Com espírito desportivo
Se, quando vais saltar, saltas como uma galinha, deves assustar-te? Ouve o que diz São Pedro: «Carissimi, nolite peregrinari in fervore, qui ad tentationem vobis fit, quasi novi aliquid vobis contingat»4. Não vos surpreendais por não serdes capazes de saltar, por não serdes capazes de vencer; o que nos é próprio é a derrota! A vitória é da graça de Deus. E não esqueçais que uma coisa é o pensamento e outra muito diferente o consentimento. Isto evita muitas dores de cabeça.
Também evitamos muitas tolices dormindo bem, as horas adequadas; comendo o necessário, fazendo o desporto que puderdes com a vossa idade, e descansando. Mas eu gostaria que pusésseis a cruz em todos os pratos; o que não quer dizer que não comamos; trata-se de comer um bocadinho mais do que não vos agrada, um bocadinho, ainda que seja apenas uma colherzinha de café, e um bocadinho menos do que vos agrada, dando sempre graças a Deus.
Não vos espantará saber que vós e eu – eu tanto como vós, pelo menos, ou talvez mais – temos o fomes peccati, uma inclinação natural para tudo o que é pecaminoso. Insisto em que o pecado da carne não é o mais grave. Há outros pecados maiores, ainda que, naturalmente, se deva dominar a concupiscência. Vós e eu não devemos espantar-nos ao ver que, em todas as coisas – não só na sensualidade, mas em tudo –, temos uma inclinação natural para o mal. Alguns espantam-se, enchem-se de soberba e perdem-se.

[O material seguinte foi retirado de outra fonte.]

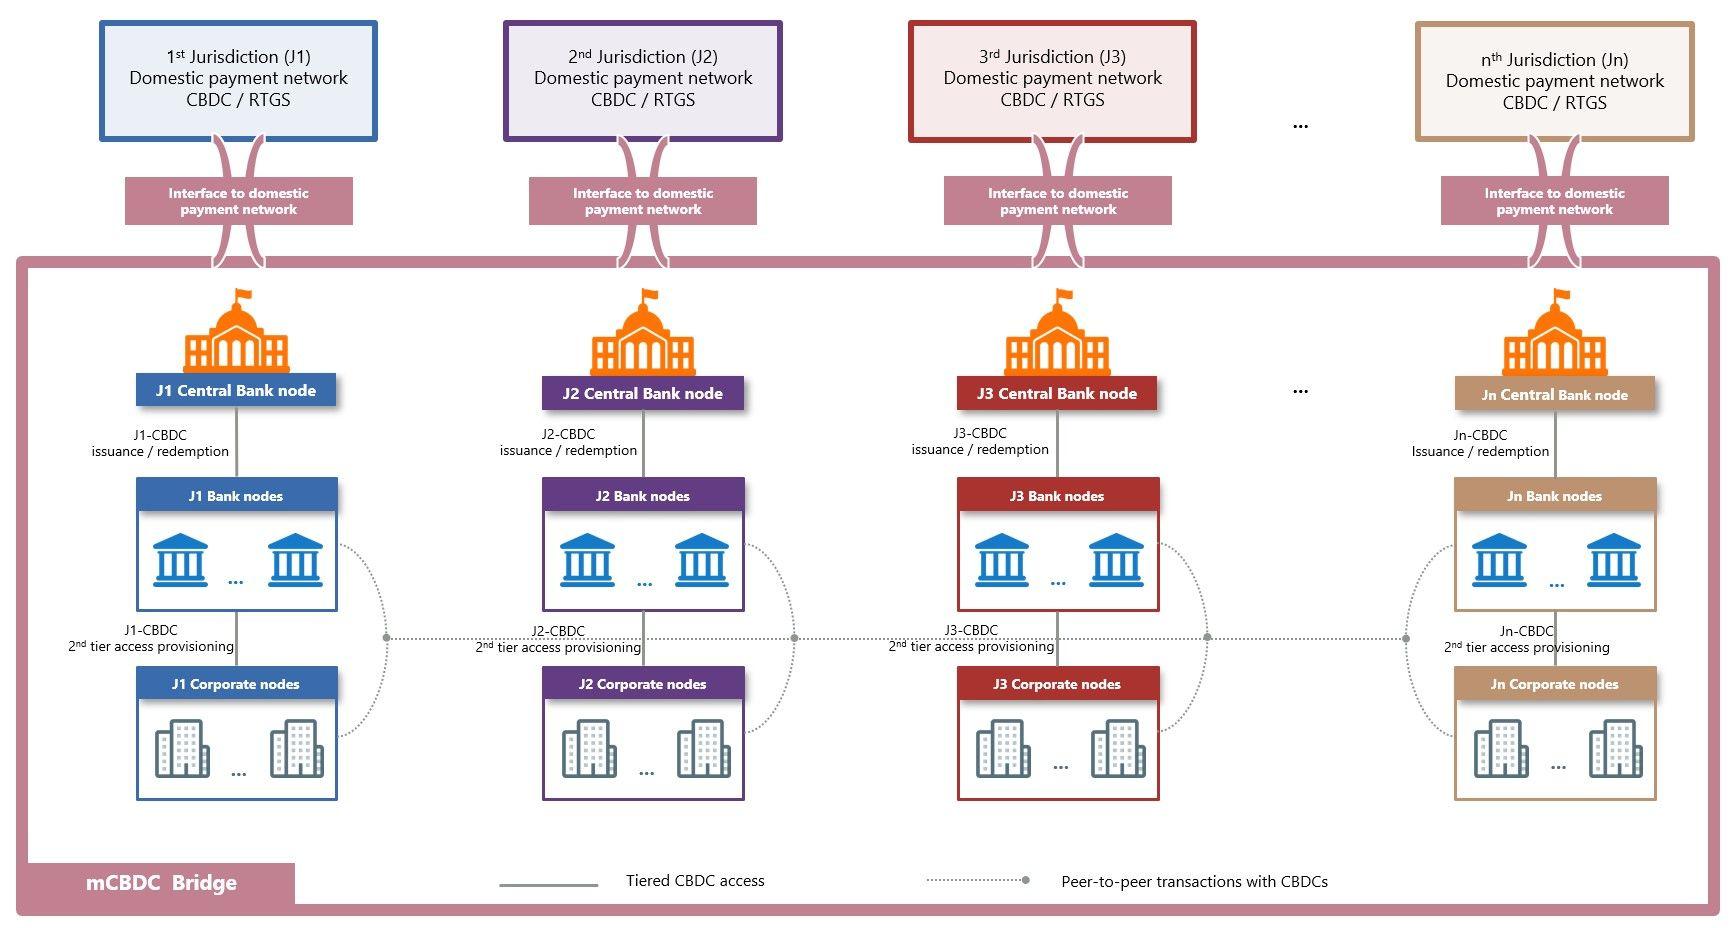 各国のクロスボーダー決済部分をひとつながりのレイヤーとする。出典:BIS

Quando eu confessava numa igreja pública – há muitos anos –, costumava fazer como os velhos confessores. Depois de ouvir uma enxurrada de lixo, perguntava: é só isso, meu filho? Porque estou convencido de que, se Deus me soltar da sua mão, qualquer um daqueles pecadores parecerá um pigmeu no mal a comparar comigo, que me sinto capaz de todos os erros e de todos os horrores.
Não vos assusteis com nada. Evitai que haja sustos falando claramente antes; e, se não, depois. Este é um bom pensamento para começar o ano.
Com desvelos de Pai
Quero muito a São José; parece-me um homem extraordinário. Sempre o imaginei jovem; por isso, aborreci- -me quando colocaram no oratório do Padre uns relevos em que é representado como um homem velho e barbudo. Mandei imediatamente pintar um quadro em que aparece jovem, cheio de vitalidade e de força. Há quem não conceba que se possa guardar a castidade senão na velhice. Mas os velhos só serão castos se o tiverem sido quando eram jovens; quem não tiver sabido ser limpo nos anos da juventude, facilmente terá costumes brutalmente torpes quando for velho.
São José devia ser jovem quando se casou com a Virgem santíssima, uma mulher acabada de sair da adolescência. Sendo jovem, era puro, limpo, castíssimo; e era-o, justamente, por amor. Só enchendo o coração de amor poderemos estar seguros de que ele não se encabritará nem se desviará, mas permanecerá fiel ao amor puríssimo de Deus.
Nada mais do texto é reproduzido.